Many patients have a misperception that their dental insurance works like their medical insurance. After paying a deductible, their oral needs are taken care of. The reality is your dental insurance is more like Triple A (AAA). It will help you fix a flat, but not get you new tires. The same is true of your dental insurance. They will help you fix a pressing problem, but do not help in maintaining optimum oral health. The plan will tell you how much benefit you will receive a year and what procedures are covered.
Sound OK?
The sad truth is insurance only covers what is on the contract for your plan not whether it is needed or best. The list of what is covered is negotiated between the insurance company and typically an employer’s health benefits plan administrator. Premiums are directly related to what services are covered. The more that is covered, the more the premium costs. With rapidly rising health care costs, many companies are looking for ways to lower premiums for their employee benefit packages. Moving to cheaper and cheaper dental benefits helps, but the patient unwittingly pays the price in less than optimum care.
One way of lowering dental premium costs is by dictating which dentist the patient must go to. The dentists who sign up for these plans, in essence, pays for part of the insurance premium decrease by accepting lower fees. Now the dentist must look for ways to cut costs. How do they do this? One way is the dentist can no longer afford to attend the high quality continuing education that is available. Dentistry is constantly changing and getting better but these dentists can’t take full advantage of it. These dentists must go to dental labs that charge less for their crowns and bridges. We all have heard in the news of dental labs getting crowns from China that have lead in them. You get what you pay for!!

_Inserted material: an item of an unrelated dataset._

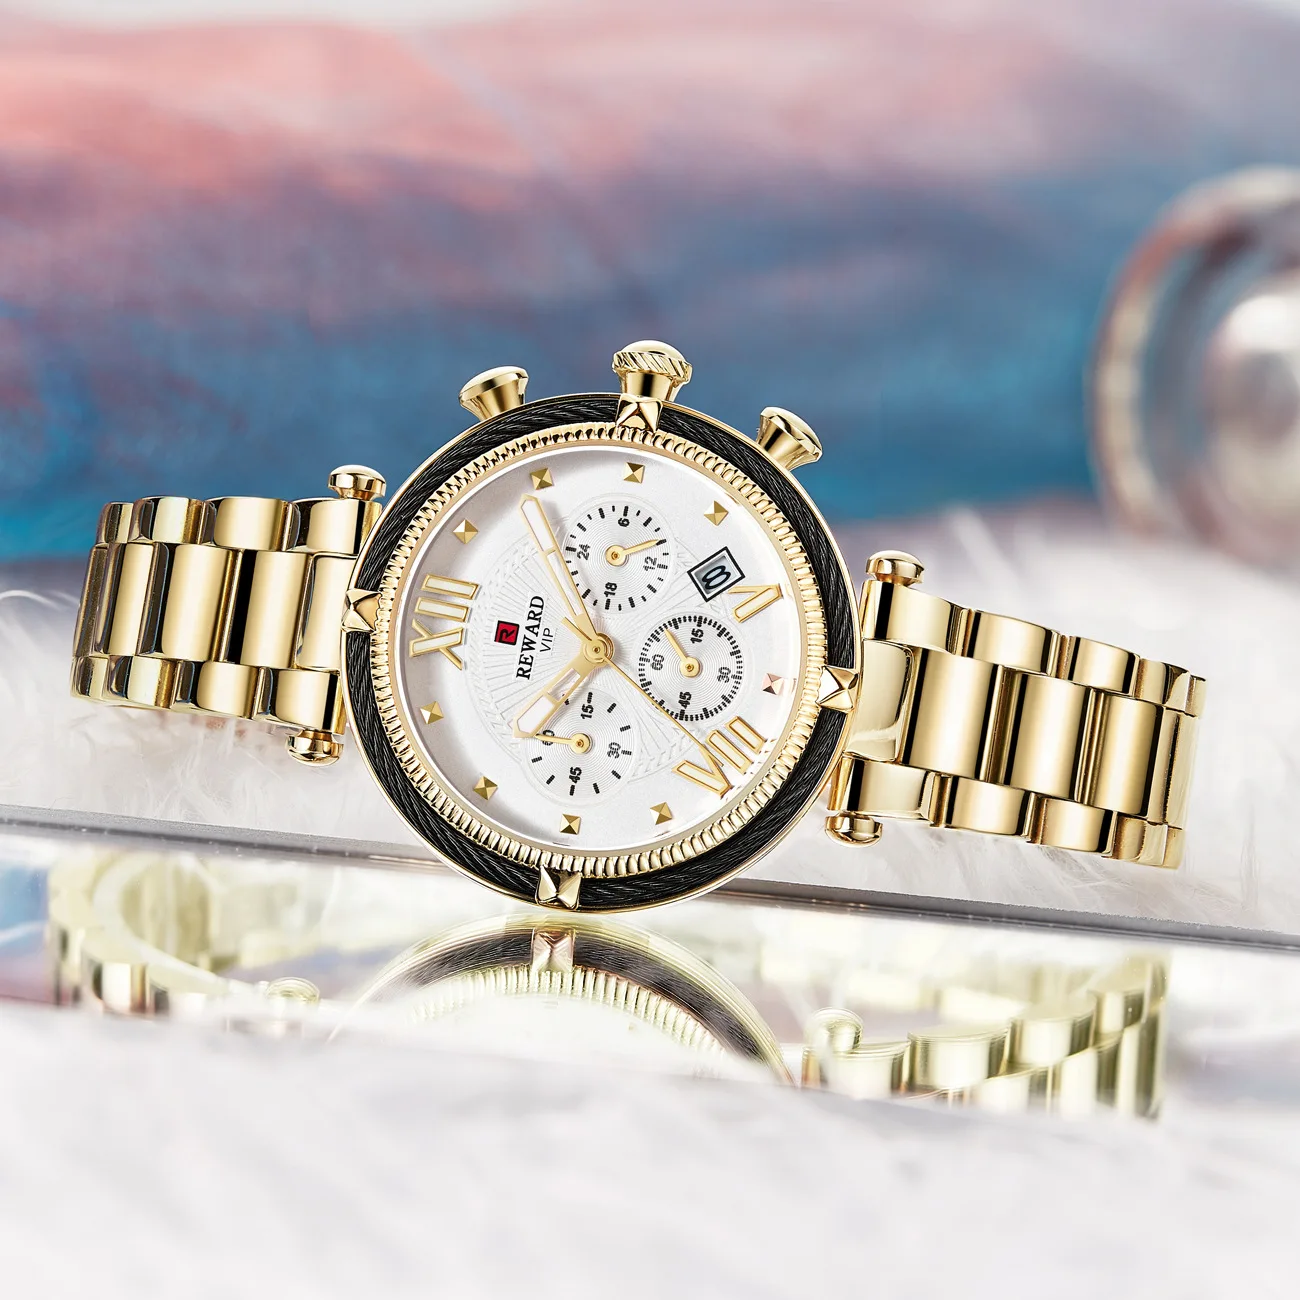 Награда Топ бренд женские модные кварцевые часы водонепроницаемые повседневные женские нарядные часы для женщин часы Relogio Feminino

Insurance companies, in an effort to keep down costs, deny and delay insurance claims. They are then able to keep the money they receive from premiums for a longer period of time which makes them even more money. And they are very good at it. Just look at the most beautiful buildings in a city and they are often owned by insurance companies!
An excellent option for dental health insurance is called Direct Reimbursement (DR). With DR, as much as 88 – 90 cents of every premium dollar goes toward patient care. This is in contrast to 55 cents of every dollar in other traditional dental insurance plans. In addition, you can choose the dentist and decide what care you would like. To find out more about these benefits, go to the American Dental Association website and type in “direct reimbursement” in the search area. Their number is 800-232-1890 for you or your human resources person to call to get more information. Bottom line? Freedom of choice to choose your dentist and your care.
So what can you do to help avoid costly dental bills?
The single most important part of your dental health is keeping your gums healthy. This means flossing and brushing very well at least one time a day. With healthy gums the jaw bones stay strong and can support your teeth for a lifetime.
The second most important thing is to remove large, old amalgam fillings. They break the teeth down over time. The longer they are left in place, the higher the likelihood of causing more extensive damage like cracking the tooth.
So, keep current with your dental needs and always take very good care of your mouth.